Yes, I also participated as a shepherd in the Nativity play, relieved — or was it disappointed — at not being selected to play the role of Mother Mary, who got all the attention. I never thought of any of these plays in communal, or political terms. Nobody did, to my knowledge. No one was self consciously secular either.
Days of innocence?
Those were the days, before Babri Masjid, when banners lining the street around the school announced the victory of one Subramaniam Swamy of Janata party. Yes, the very same Subramaniam Swamy, now with BJP, currently in the Rajya Sabha, much loved by Right Wing trolls.
It was while at school that I first learned the word Hindutva.

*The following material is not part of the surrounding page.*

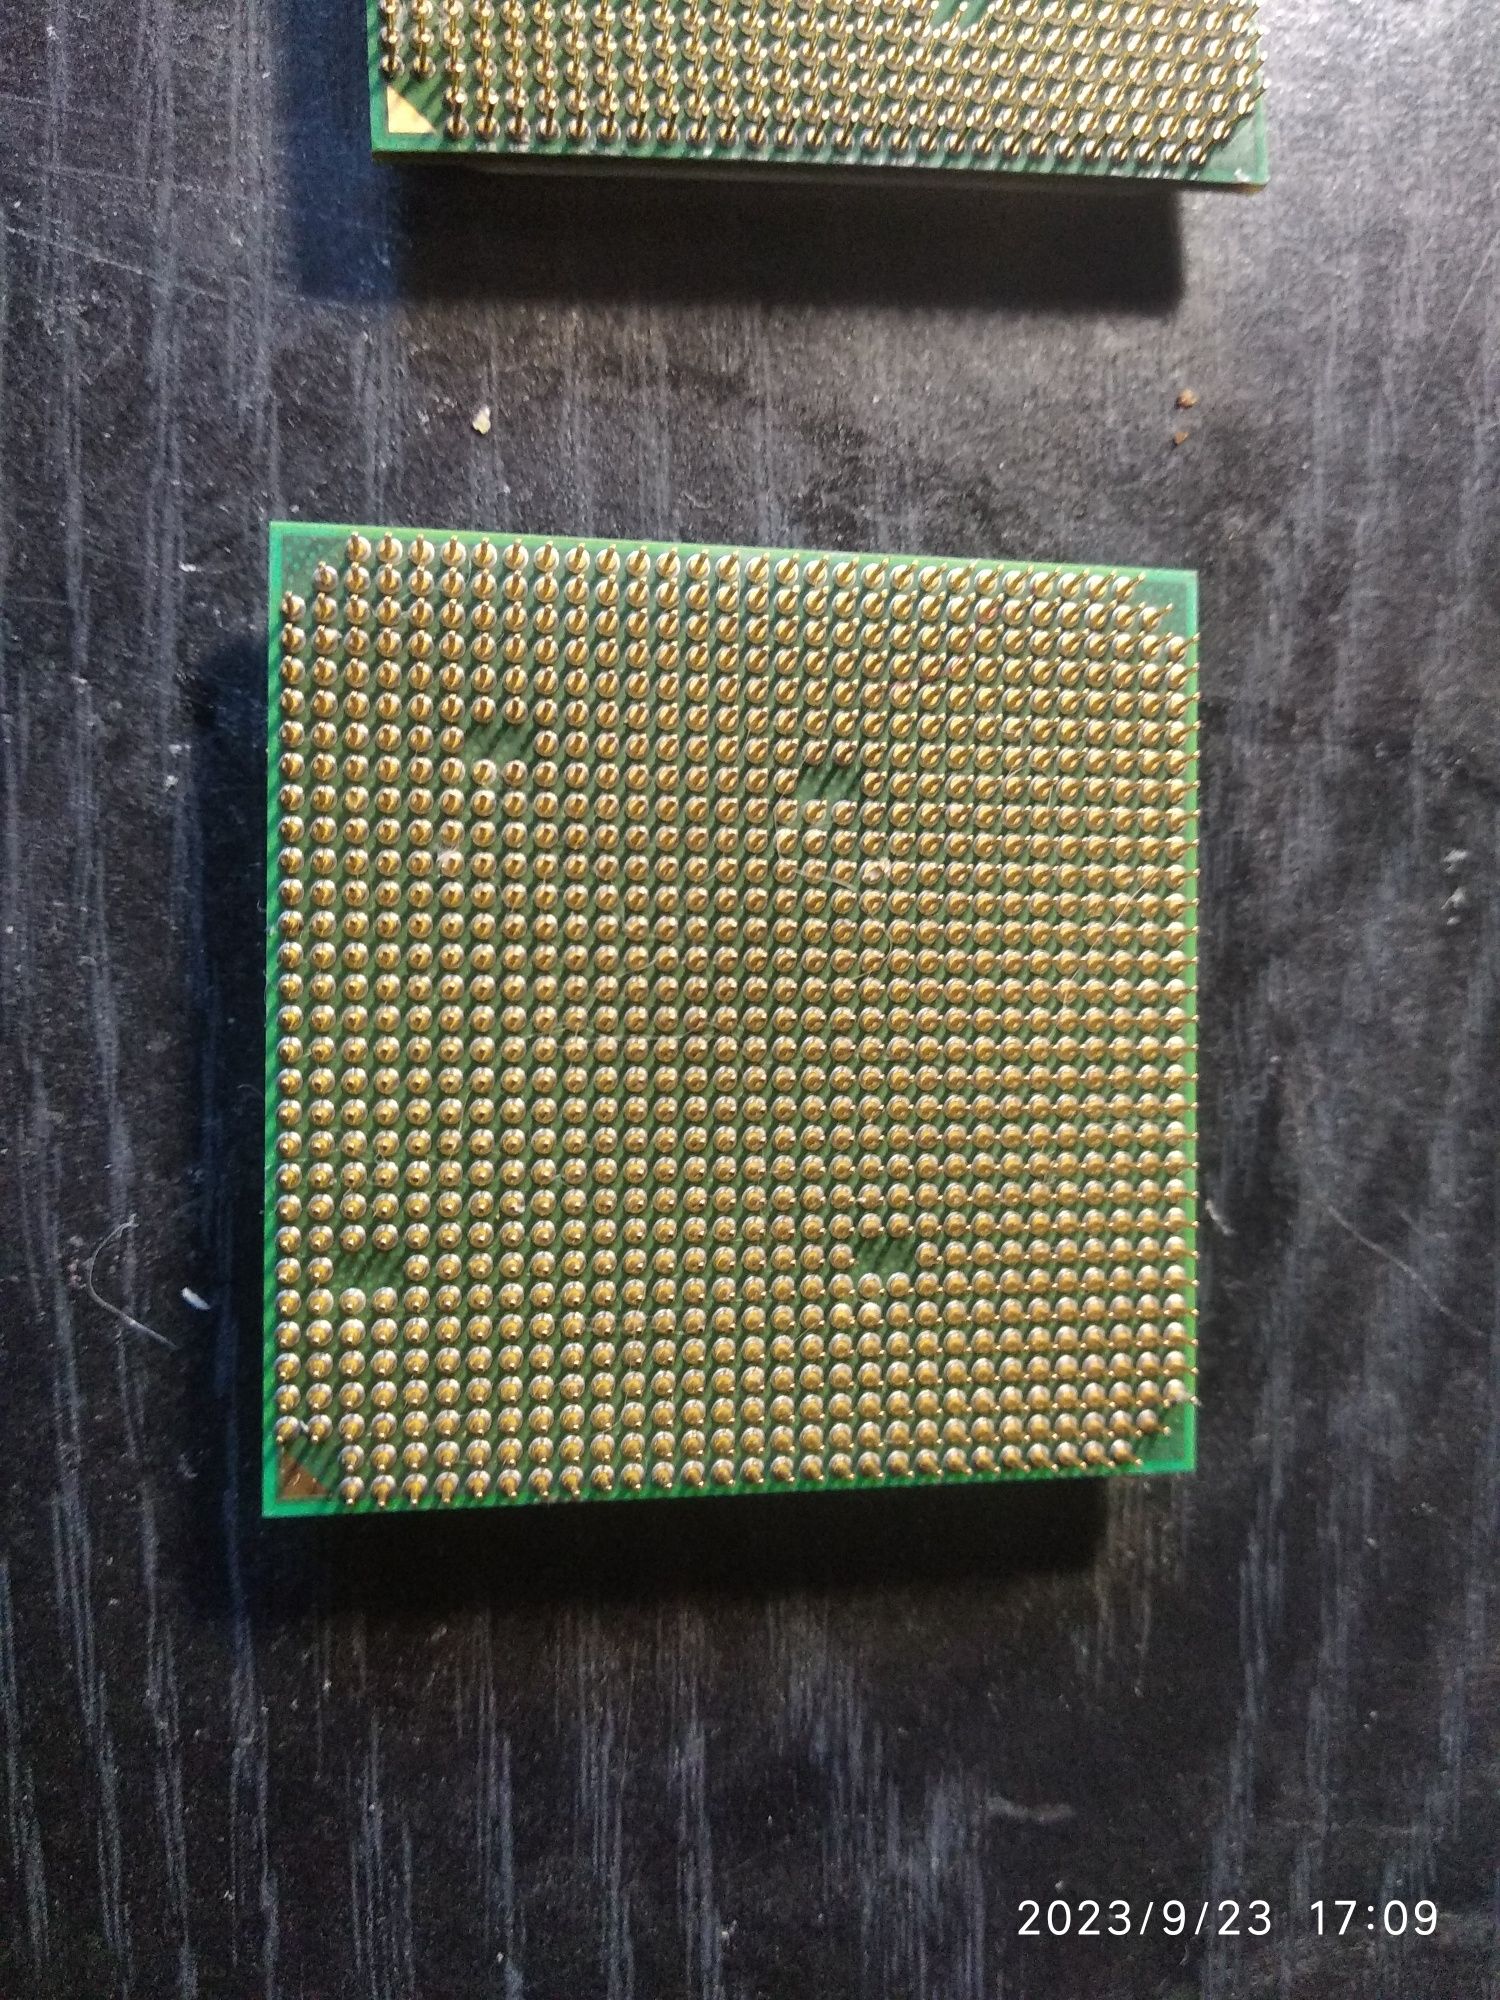 Процессор Amd athlon 64
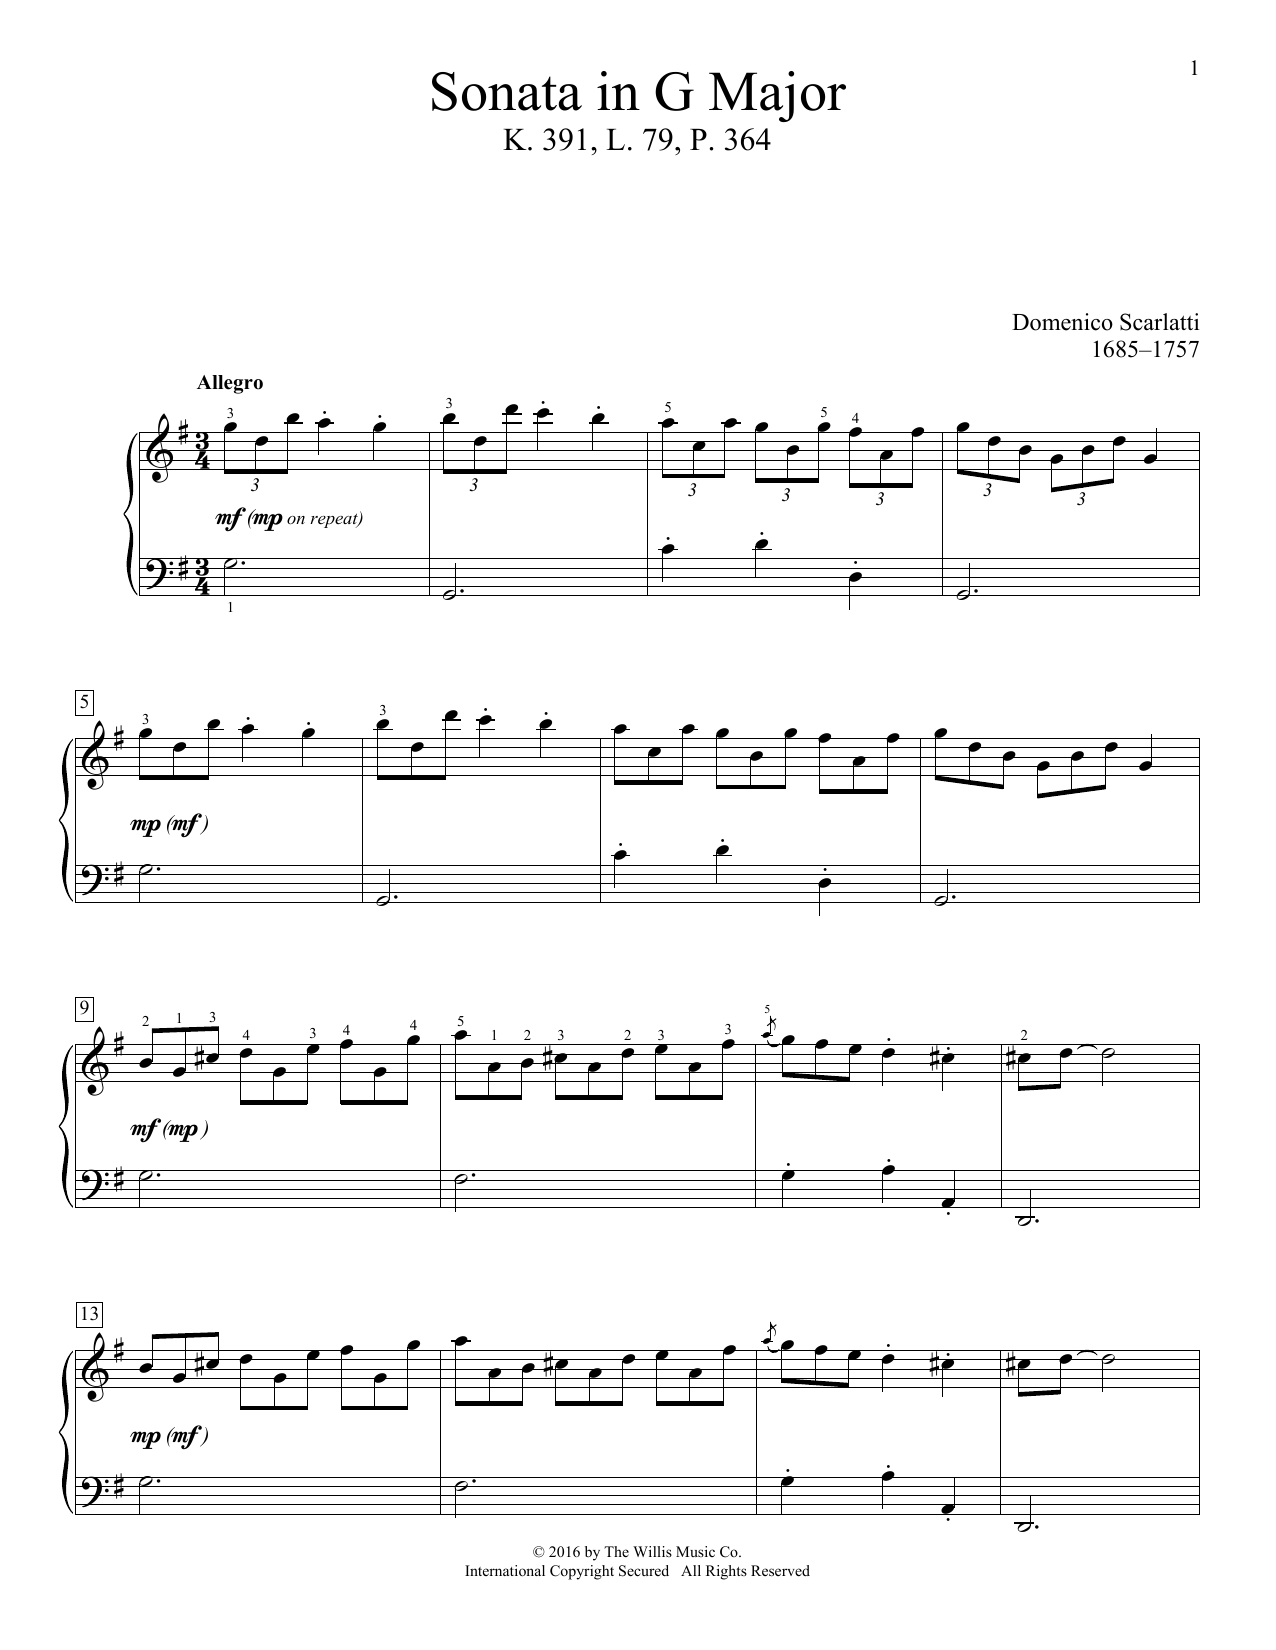 Domenico Scarlatti Sonata In G Major, K. 391, L. 79, P. 364 Sheet Music Notes & Chords for Educational Piano - Download or Print PDF

It was an elocution competition organised by a local politician. Was it the late Hashu Advani of the BJP? Not sure. All participants, from different schools, spoke about Hinduism, tolerance, unity in diversity: I remember assuming Hindutva is just a Hindi word for Hinduism. How wrong I was.
I wonder if Ramayana is still taught in my school with the same innocence and enthusiasm. I wonder if children are allowed to play the role of Ram and Ravana, Sita and Surpanakha, without having to deal with politics of gender, religion, caste or race. Does the corruption, cynicism and rage of elders eventually seep into stories we tell our children? Do we now edit stories to make them more politically correct? Is there now a censor board monitoring school plays too?
A friend told me how while telling the story of Karna to her nephew, she hesitated when narrating the episode where Kunti abandons her son. So, she came up with a creative twist: that the basket with the baby got 'accidentally' adrift while the mother was washing clothes. The nephew reacted sharply. "Why are you lying, auntie?" before adding, "I know she let her baby go as she was not married." Did her nephew understand the implications of what he was saying? Or is a story just a story, before grown ups transform it into something else?